Di Indonesia, akses terhadap Air Bersih adalah hak dasar yang dijamin oleh konstitusi, namun realitasnya, banyak rumah tangga masih mengandalkan sumber air yang tidak memenuhi standar kesehatan, meskipun secara kasat mata terlihat jernih. Pemahaman keliru bahwa air yang bening dan tidak berbau sudah pasti aman untuk dikonsumsi dapat menjadi pintu masuk berbagai penyakit yang ditularkan melalui air (waterborne diseases). Air Bersih yang sejati tidak hanya bebas dari kekeruhan, tetapi juga bebas dari kontaminasi kimia, bakteri patogen, dan zat berbahaya lainnya. Oleh karena itu, mengenali ciri-ciri sumber Air Bersih yang sehat adalah langkah pertama dalam menjaga kesehatan keluarga.
Menurut data dari Kementerian Kesehatan per Januari 2025, sekitar 70% kasus diare pada anak di bawah lima tahun berhubungan erat dengan sanitasi buruk dan konsumsi Air Bersih yang tidak memenuhi syarat higienitas.
5 Ciri Utama Sumber Air yang Sehat dan Aman
1. Tidak Berbau dan Tidak Berasa
Ciri paling mendasar adalah organoleptik. Air yang sehat tidak boleh memiliki bau menyengat seperti belerang (indikasi hidrogen sulfida) atau bau amis/busuk (indikasi pembusukan organik atau bakteri). Rasa air juga harus netral. Jika air terasa aneh, asin, atau seperti logam, ini mengindikasikan kontaminasi kimia, seperti klorida, besi, atau mangan.
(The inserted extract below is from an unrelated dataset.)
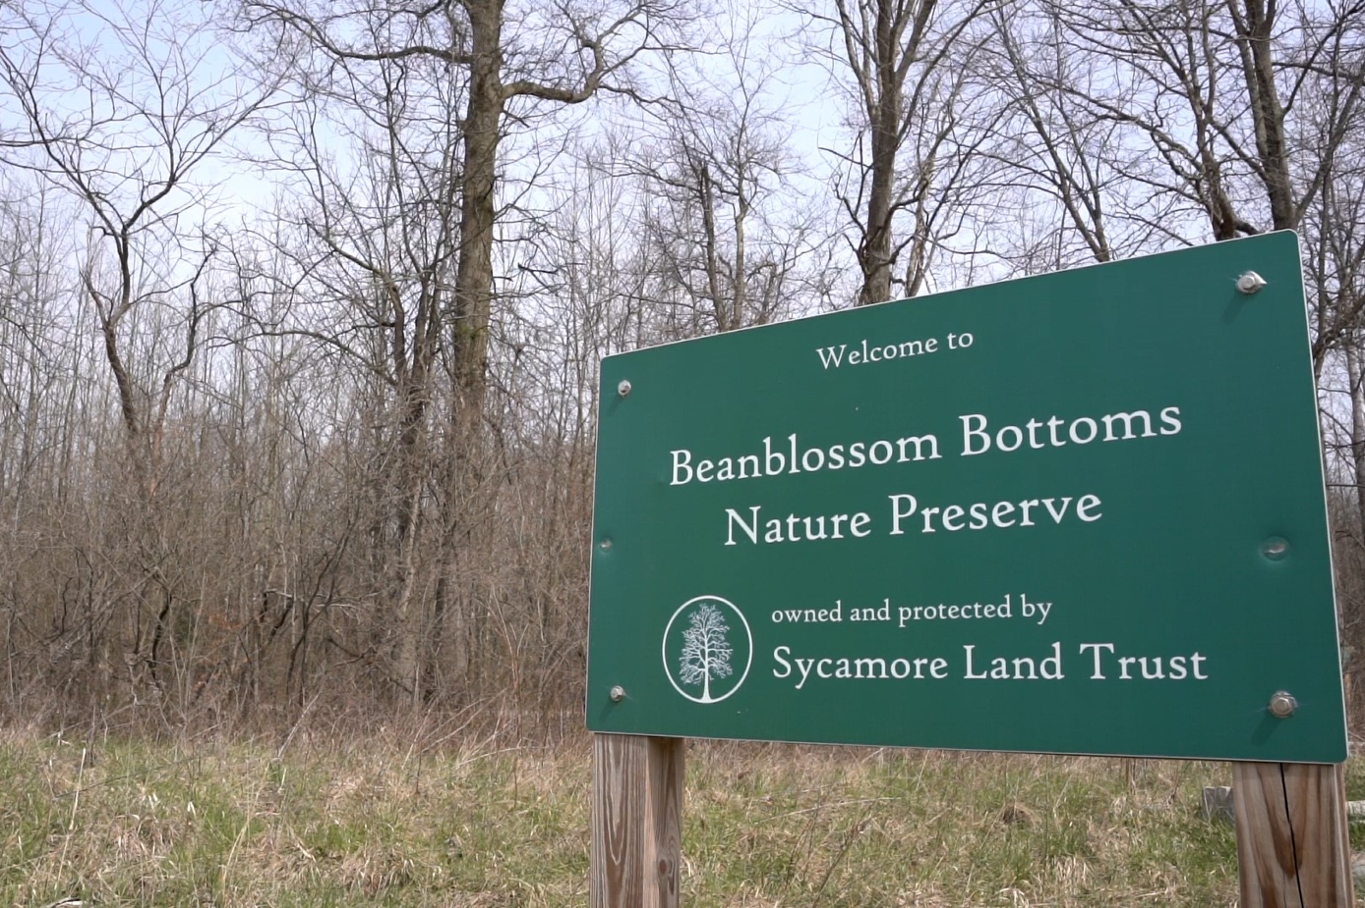 Beanblossombottoms nature preserve

2. Jernih dan Tidak Berwarna
Meskipun kejernihan bukan satu-satunya tolok ukur, air yang sehat harus bebas dari kekeruhan dan tidak berwarna. Kekeruhan dapat disebabkan oleh lumpur, tanah liat, atau bahan tersuspensi lainnya, yang juga bisa menjadi tempat berlindung bagi mikroorganisme penyebab penyakit.
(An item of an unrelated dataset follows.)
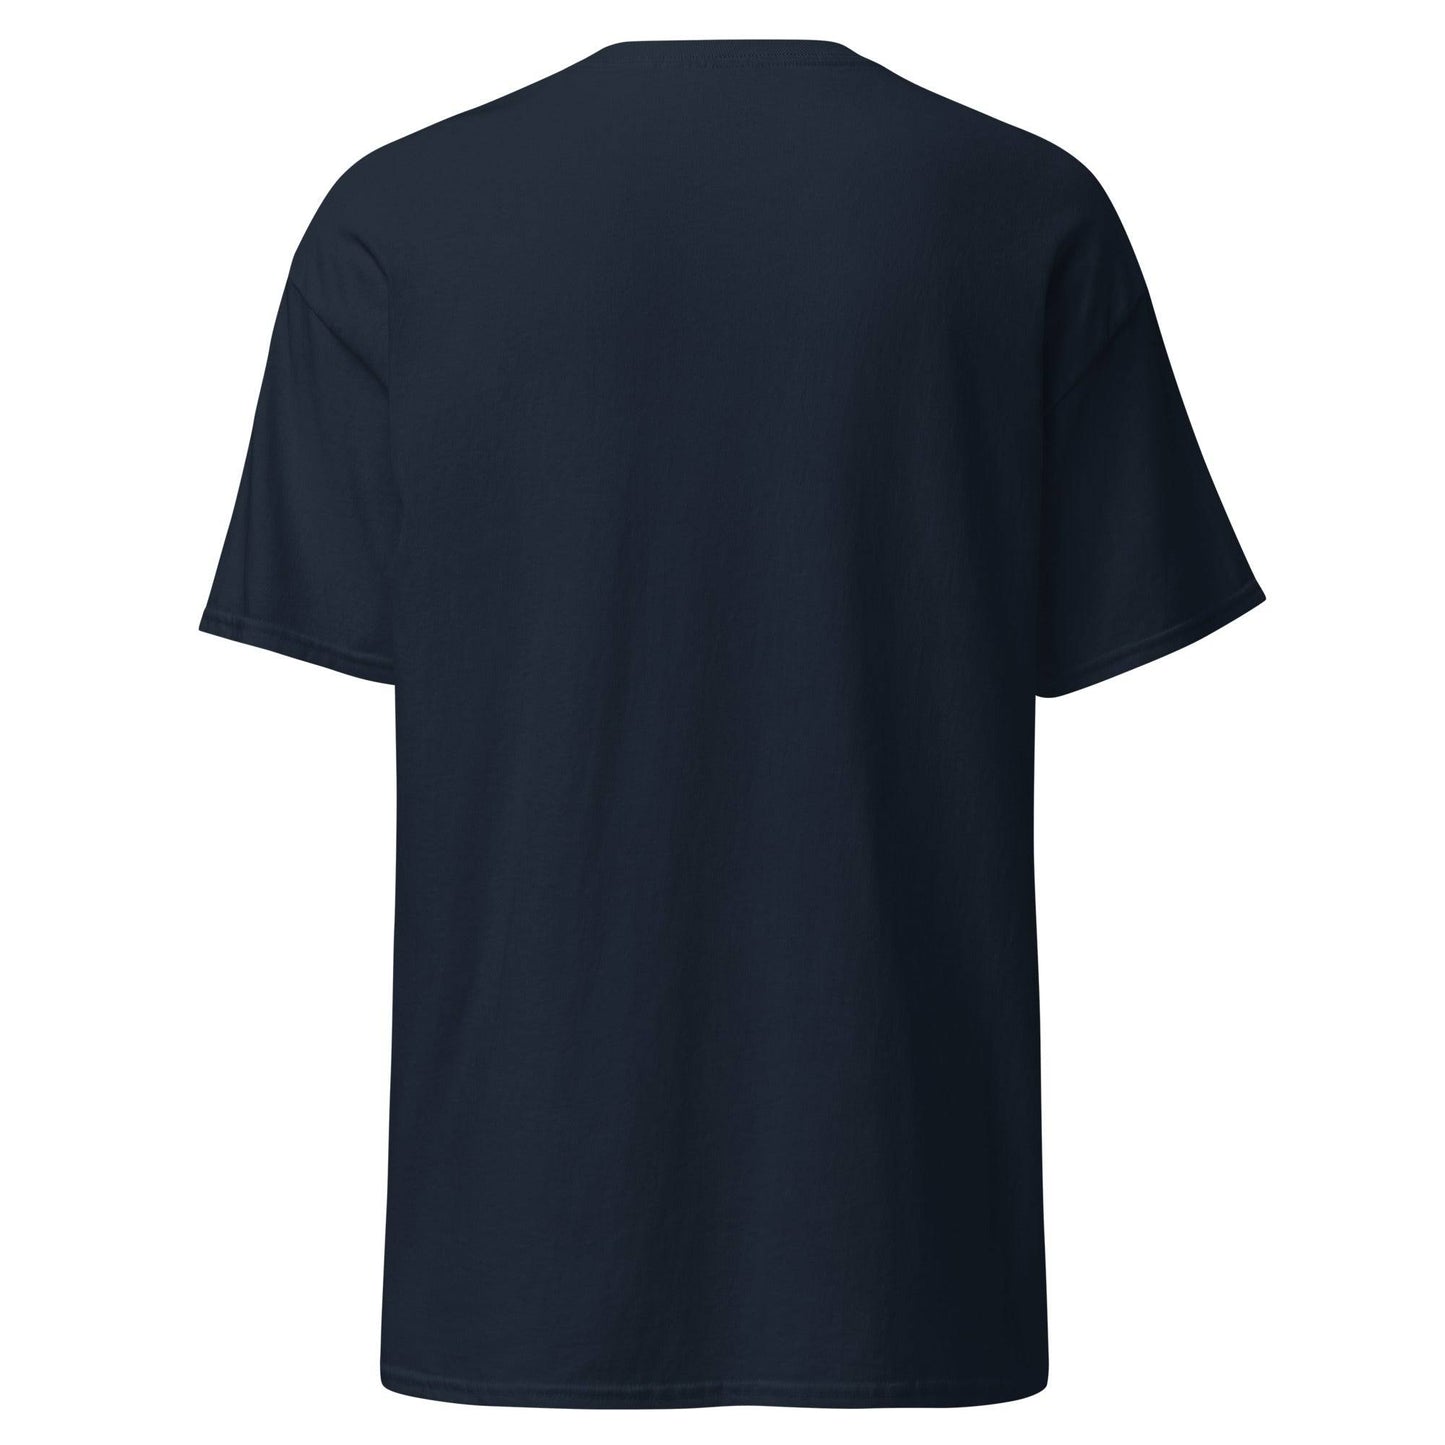 Camiseta navy FC Barcelona equipo fútbol Salid y Disfrutad Johan Cruyff back

3. Suhu Normal dan Tidak Panas
Suhu air yang sehat seharusnya normal dan stabil. Air yang terlalu panas atau hangat secara tidak wajar bisa menjadi indikasi kontaminasi termal (misalnya, limbah industri) atau gejolak geologis yang tidak aman.
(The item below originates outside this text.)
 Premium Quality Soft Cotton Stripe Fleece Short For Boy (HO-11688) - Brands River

4. Bebas dari Mikroorganisme Patogen
Ini adalah kriteria terpenting yang hanya bisa dipastikan melalui uji laboratorium. Air harus bebas dari bakteri Escherichia coli (E. coli), Salmonella, dan virus yang menyebabkan kolera, tifus, atau disentri.
- Prosedur Pengujian: Dinas Kesehatan Daerah secara rutin melakukan uji laboratorium air minum di fasilitas publik. Masyarakat didorong untuk melakukan pengujian mandiri melalui laboratorium terakreditasi, terutama jika menggunakan sumur bor pribadi.
5. Kadar pH yang Seimbang dan Bebas Zat Kimia Berbahaya
Air yang sehat memiliki derajat keasaman (pH) antara 6,5 hingga 8,5 (netral hingga sedikit basa). Air yang terlalu asam atau basa dapat merusak gigi, pipa air, dan mengganggu keseimbangan tubuh. Selain itu, air harus bebas dari zat kimia berbahaya seperti logam berat (misalnya, timbal, merkuri) atau nitrat (yang sering berasal dari pupuk pertanian dan dapat berbahaya bagi bayi).
- Peran Komunitas: Pihak Rukun Warga (RW) dan Kelurahan, bekerja sama dengan Puskesmas setempat, dapat mengadakan program edukasi tentang sanitasi dan pengujian air secara berkala, terutama di kawasan yang rawan pencemaran pada hari-hari tertentu. Bahkan, pihak kepolisian (melalui unit Babinkamtibmas) terkadang dilibatkan untuk mengawasi kasus pembuangan limbah ilegal yang dapat mencemari sumber air.
Memastikan Air Bersih untuk keluarga adalah tanggung jawab bersama yang dimulai dengan pengetahuan yang benar.